How to foster a mentally healthy workplace - Humantold

 How to foster a mentally healthy workplace

Juli Walchuk, MHC-LP October 10, 2022

Whether you are a manager overseeing dozens of employees or a new hire, you have the power to make your workplace a more mentally healthy environment for yourself and your coworkers.

Once a taboo workplace topic, mental health is coming to the forefront as employees cope with various mental health conditions. The COVID-19 pandemic, today’s “hustle culture,” and the blurred lines between home and work are just a few of the many factors contributing to widespread employee burnout. Luckily, there are steps we can take to foster more mentally healthy workplaces. This shift can happen in many ways, but let’s discuss it on two levels:

  1. From the top-down, meaning policy changes and increased resource access as established by managers and people in positions of power in a organization.
  2. By changing the culture of an organization, which is something that employees at every level of a company can do.

For managers: 

Managers and others in high-up positions are in a unique place to promote mental wellness, so it’s important to harness that power to do good for your employees! Company policy and protocols are one widespread way to make change, such as offering employees more flexibility for remote work, establishing paid mental health days off, and encouraging employees to use all of their PTO. Most companies offer mental health services through their Employee Assistance Programs (EAPs) and Human Resources departments; managers can promote these programs to their employees so they know what support is available (often at no or little cost to them). 

A mentally healthy workplace is one with open communication, where employees feel they are valued and heard. Encouraging employee feedback and including employees in decision-making processes increases a sense of autonomy and purpose. Managers can also lead by example in destigmatizing mental health in the workplace, having more open conversations, and perhaps increasing transparency by sharing their own struggles.  

For employees at all levels: 

The culture of an organization, meaning the norms, values, and expectations, is created at every level of a company…AKA we all have the power to impact and change our work environments! This can begin with destigmatizing and normalizing having conversations about mental health and help-seeking behaviors with coworkers.
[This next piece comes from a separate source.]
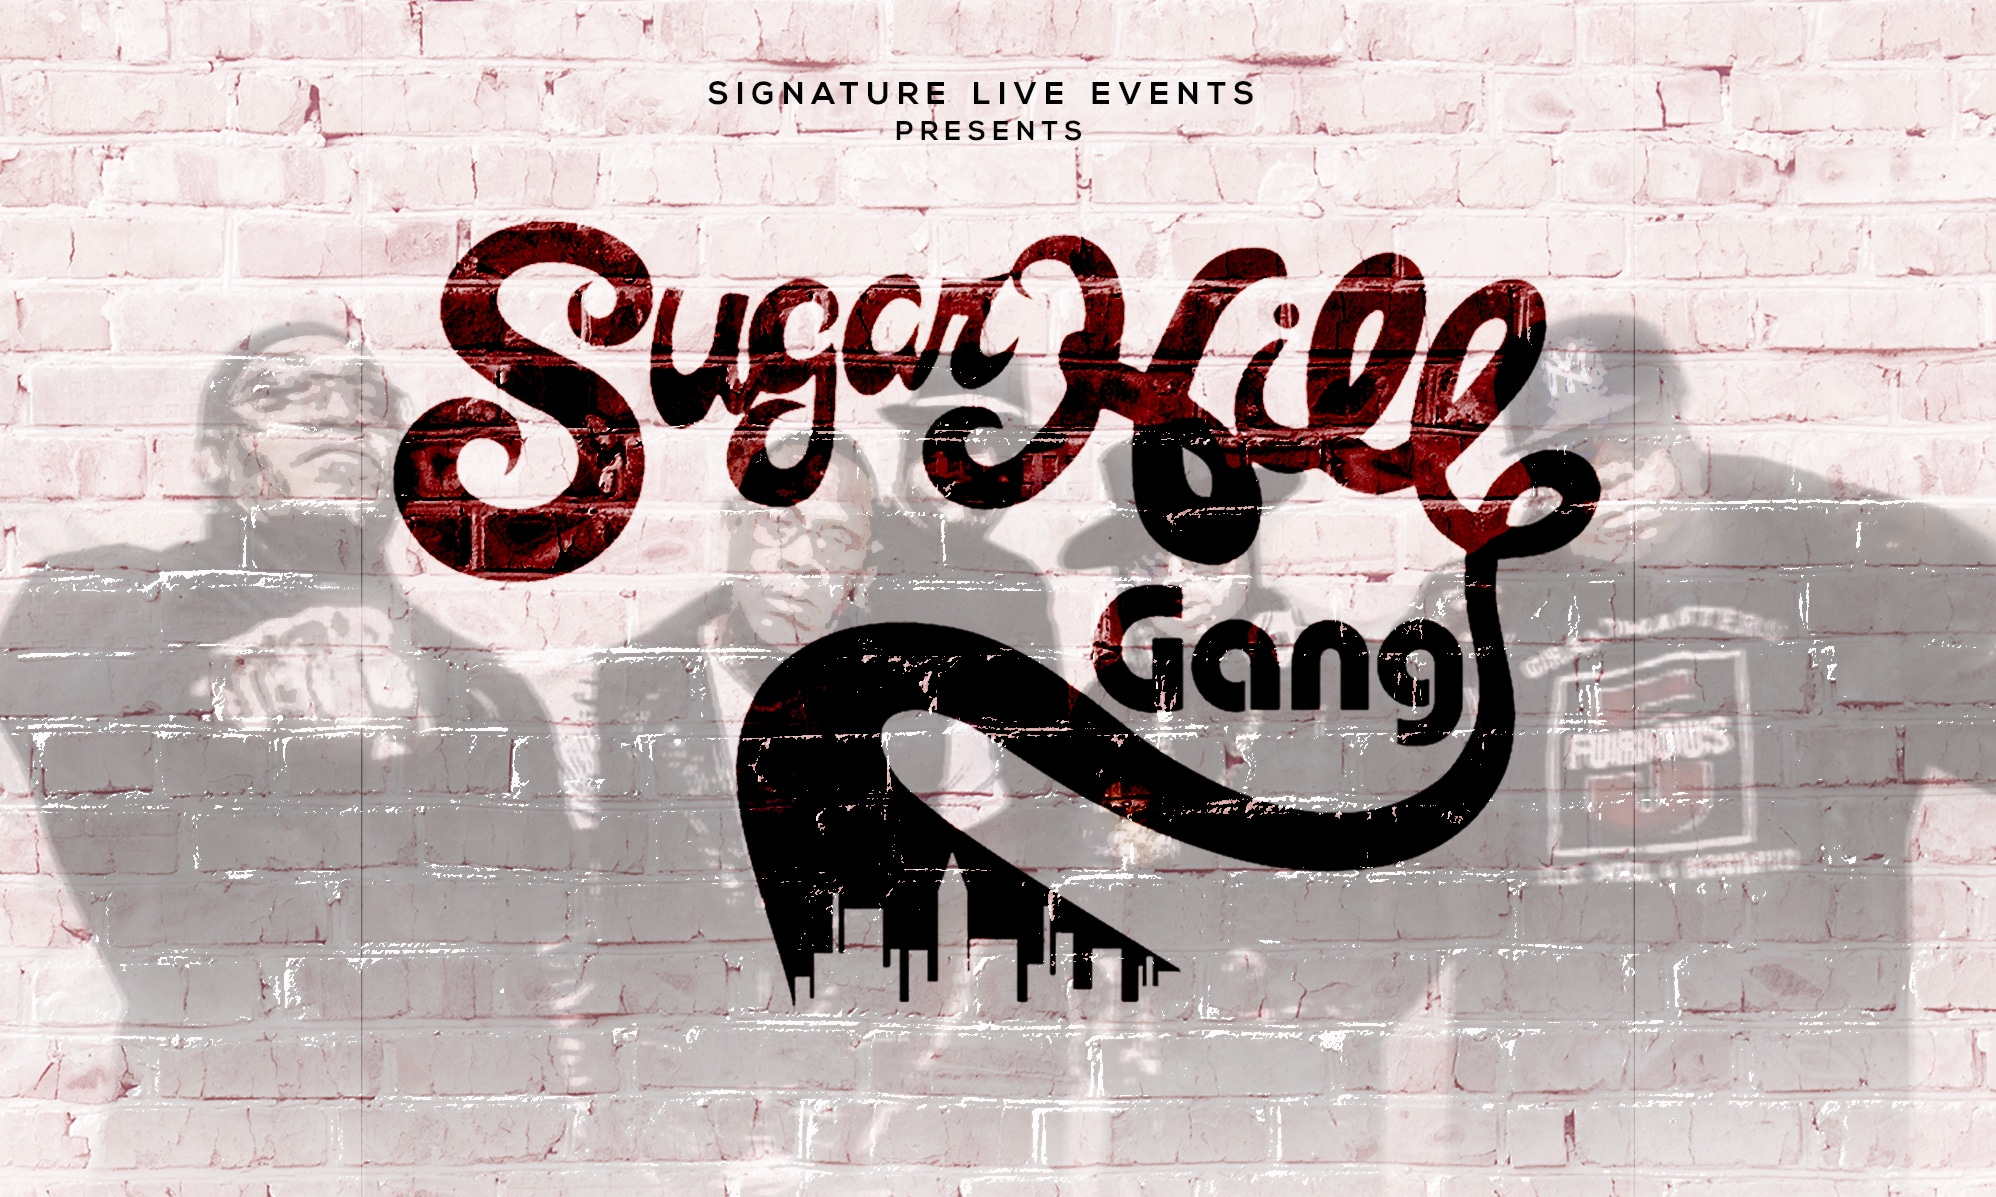 sugarhill gang - live music event liverpool

Casually dropping, “Last week, my therapist said…” or “This project has been a huge source of anxiety for me recently,” in conversation can be more powerful than you think. While many of us may not feel particularly connected to our coworkers, creating a culture of communal care can benefit everyone. Become familiar with the warning signs of depression, anxiety, and other mental health concerns so you can keep an eye out for your coworkers and take action if you see someone struggling. 

Another transformative step towards a mentally healthy workplace is embracing diversity and inclusion in the truest sense; BIPOC and other employees of marginalized identities experience discrimination in the workplace, which is a major detriment to mental health. To be a better ally, advocate for real inclusion and speak up when you see instances of injustice.

Finally, setting boundaries at work can bring us closer to achieving that ideal work-life balance many of us strive towards. The pandemic and remote work have blurred the lines between work and personal life in extreme ways, but we can reclaim our time by normalizing boundaries, for example, setting the precedent of not responding to emails after 7pm. This step can be easier said than done, but collaboration with coworkers and managers to establish these norms can help. Though we may sometimes feel powerless in the workplace, remember that our small actions do have an impact. Together, we can change the culture of our organizations, creating more mentally healthy workplaces for ourselves and our fellow employees!